Byzantine Coin Find in Germany
Here are some additional items in the media this week that may be of interest.
Arthur Shippee passed along this Artnet story of a Byzantine coin find in Germany.
The hoard consisted of two very high quality gold earrings set with semi-precious stones, a gilded pseudo-coin brooch, two gilded stone-studded finger rings, a ring fragment, a small formerly gilded perforated disc, a ring brooch, and about 30 silver coins, some of them heavily fragmented, Ulf Ickerodt, the director of ALSH, told Live Science.
The team has dated the two earrings, surprisingly well-preserved, to around 1100 due to their apparent Byzantine style and craftsmanship. One of the brooches is also an imitation of an Islamic gold dinar, dating it to the Almohad caliphate between the 12th and 13th centuries.
The 30 coins are linked to the reign of Valdemar II, the Danish king who ruled from 1170 to 1241. Fragments of fabric found with the coins suggest that they were once buried in a bag.
To read the complete article, see:
Steam-Age Arsenal Forges Cannons for Army
A German Man Just Learning How to Use a Metal Detector Uncovered a Hoard of Buried Byzantine Jewelry and Silver Coins
Collectors appreciate history and tradition. Here's a story about something round and made of metal, but much bigger than coins or medals.
Watervliet Arsenal has made big guns for every U.S. conflict since the Spanish-American War. Russia has made it relevant again, as described in this Wall Street Journal article.
On a military base more than two centuries old, the Army is hammering out its cannon of the future.
The Watervliet Arsenal opened during the War of 1812 and one building dates to 1828. Yet inside an aging production hall, new digital machine tools that resemble science-fiction space pods are churning out components for Abrams tanks, a weapon pledged for fighting in Ukraine. In another hall, an automated forge pounds red-hot metal cylinders into 20-foot gun barrels for America's next howitzers, which will lob shells more than 40 miles.
Fighting in Ukraine has renewed attention to land systems that Watervliet helps produce and repair, which until recently were dismissed by some military strategists as relics because they are used by traditional infantry.
Tacom, the Army's in-house production, maintenance and logistics operation for ground equipment like artillery, is unusual because it carries out manufacturing. The Pentagon and Congress decided decades ago that to ensure supplies of essential materiel like big guns and their ammunition, some production and upkeep will remain in public hands.
Col. Fisher's arrival was marked by a unique tradition: a ceremony to hand off the stamp with which the base commander's initials imprint every barrel.
What we do here we've been doing since 1813, said Gen. Werner.
What's going on in Ukraine is a manifestation of what we've been doing for 210 years.
To read the complete article (subscription required), see:
Recovering Stolen Relics
At a Steam-Age Arsenal, U.S. Army Forges Cannons for a Digital Era, War in Ukraine
This one is non-numismatic as well, but of interest to history buffs and collectors in general. It's about Robert K. Wittman recovered an estimated $300 million worth of stolen artworks and historical relics, including an original copy of the Bill of Rights. Thanks to Heath White for passing this along.

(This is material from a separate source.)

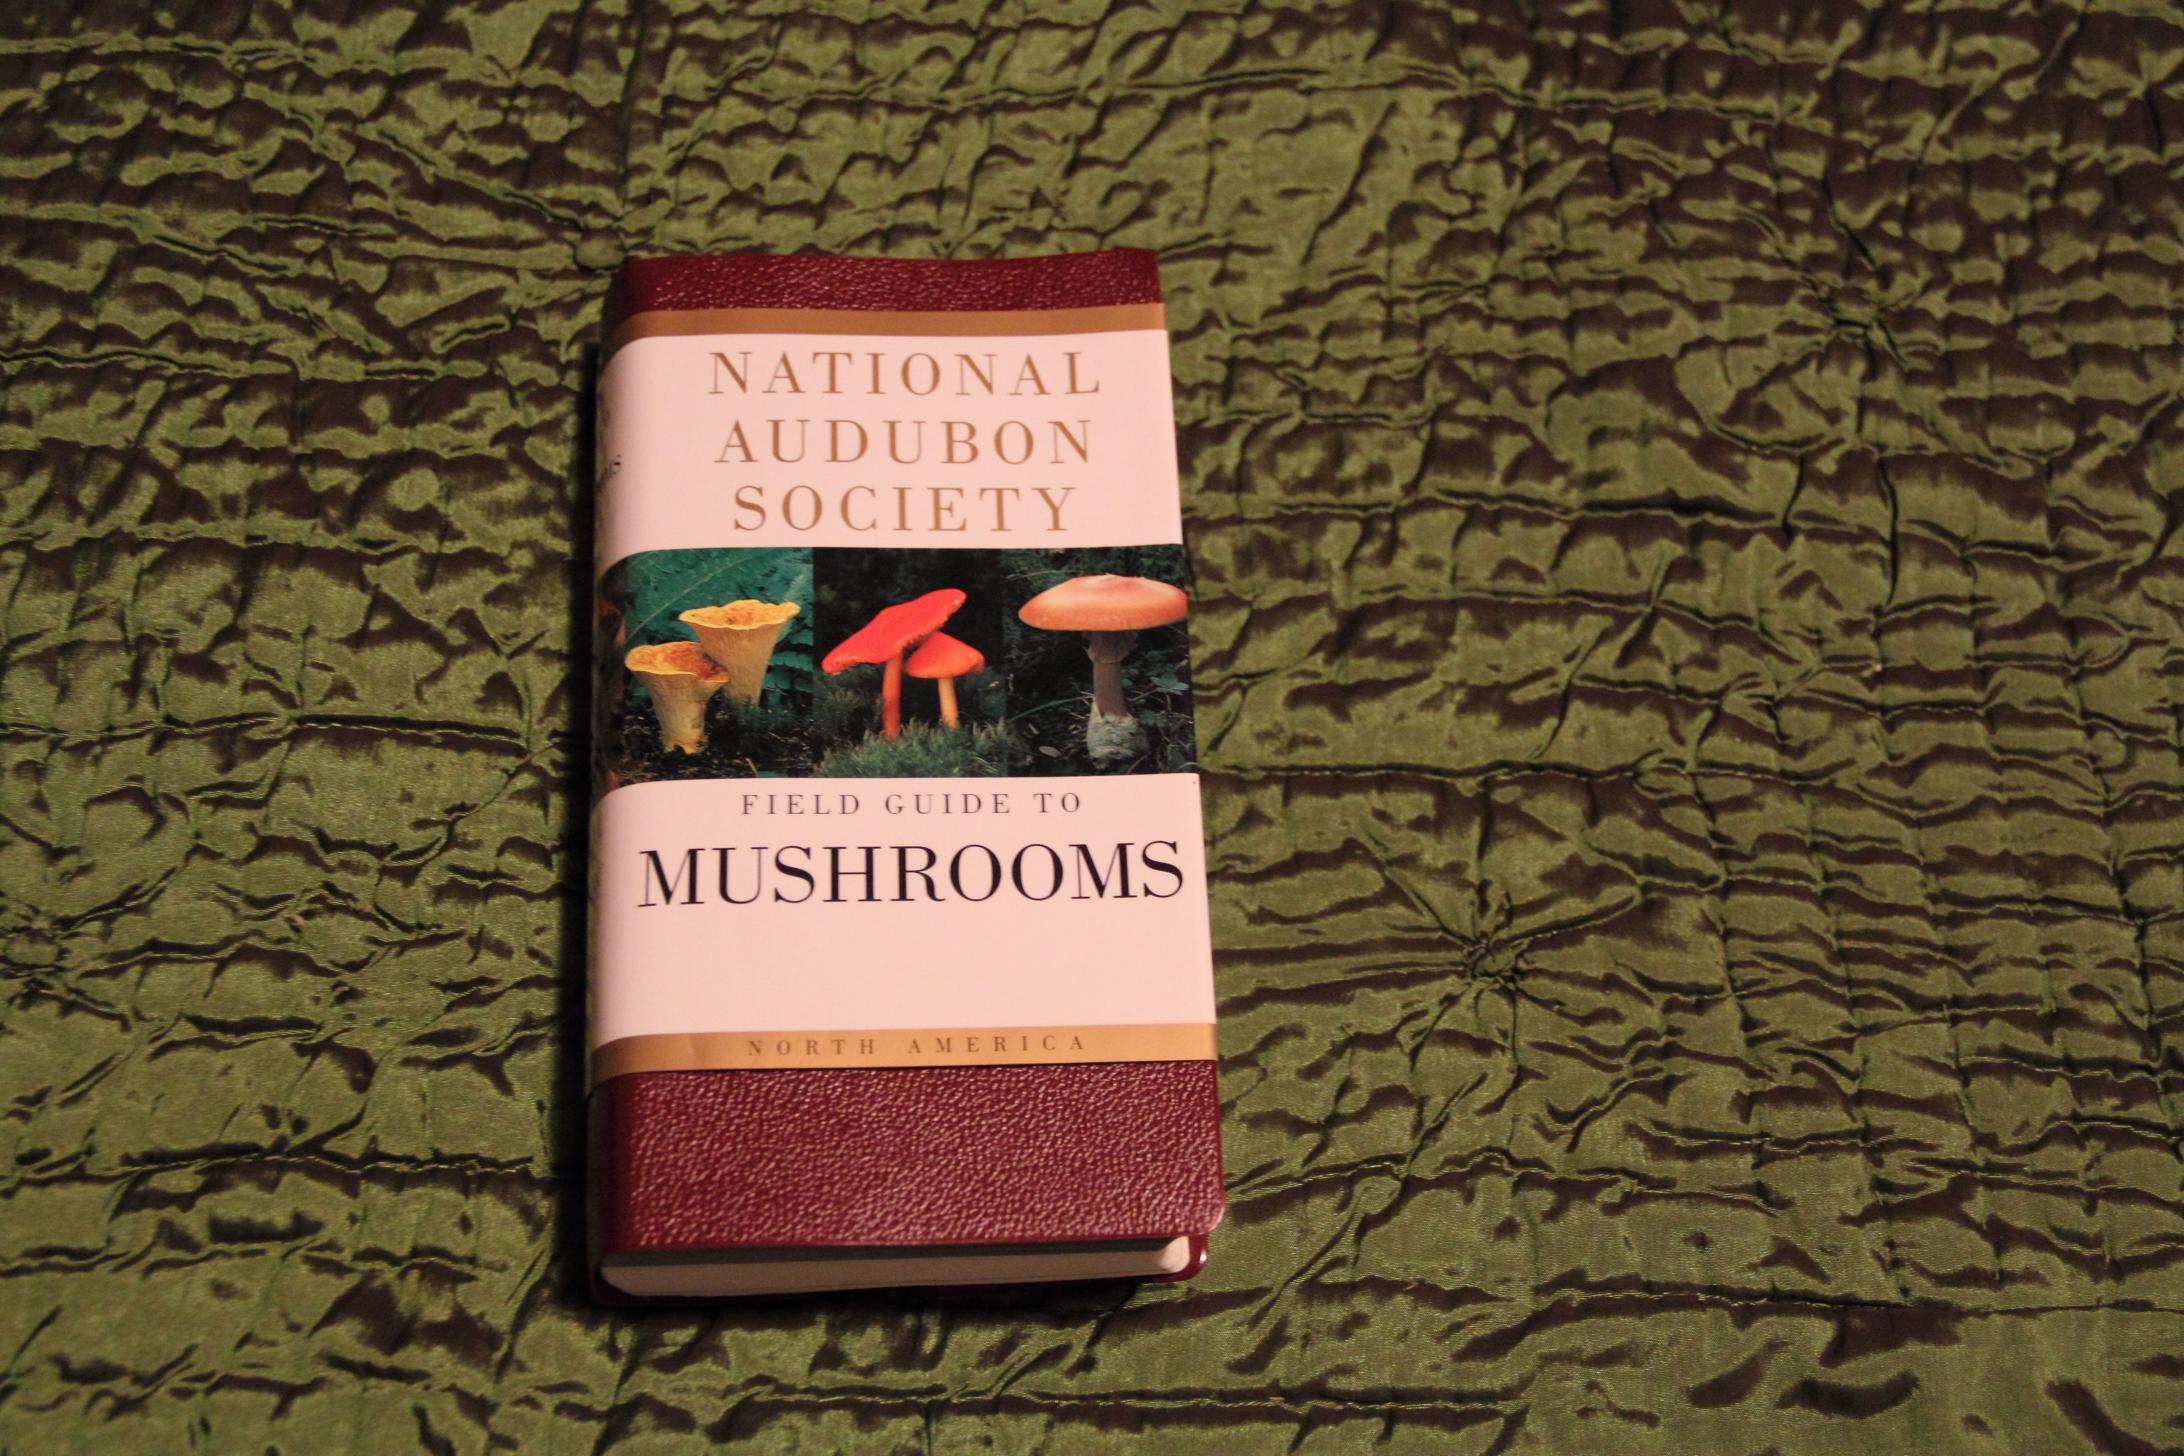 National Audubon Society Mushroom Guide Book rental in Traverse City, MI

Raised in Baltimore where his father was a high-end antiques dealer, Wittman began working for the FBI in the late 1980s and eventually focused on investigating theft of cultural items. The marketing of stolen goods would become much easier, thanks to the development of internet auctions allowing thieves to effortlessly find buyers and make lucrative sales with relative anonymity. This is especially so in the booming business of Civil War collectibles, where items either pilfered from museums or swindled from families and private collectors sometimes command millions of dollars.
Tracking down stolen historical treasures and busting those who traffic in them requires a special touch, as Wittman describes in his 2010 book Priceless. His story proves that he was a natural for the job.
In the 1990s, Wittman handled numerous investigations involving everything from combat-worn uniforms and presentation weapons to personal correspondence from Union and Confederate soldiers. In each instance, the evidence led to swindlers, thieves, and unscrupulous collectors who were motivated by greed rather than a love of history.
To read the complete article, see:
BUSTED! A DEDICATED FBI AGENT RESCUED TREASURED CIVIL WAR ARTIFACTS FROM THIEVES, SWINDLERS, AND UNSCRUPULOUS COLLECTORS
But there is a numismatic connection...
"The company hired by the ANA to research and recover its stolen coins was the consulting company started by Robert Wittman after he left the FBI. I would say this is ironic, but the more I research different fields of collectibles the more I find they are very similar in many ways."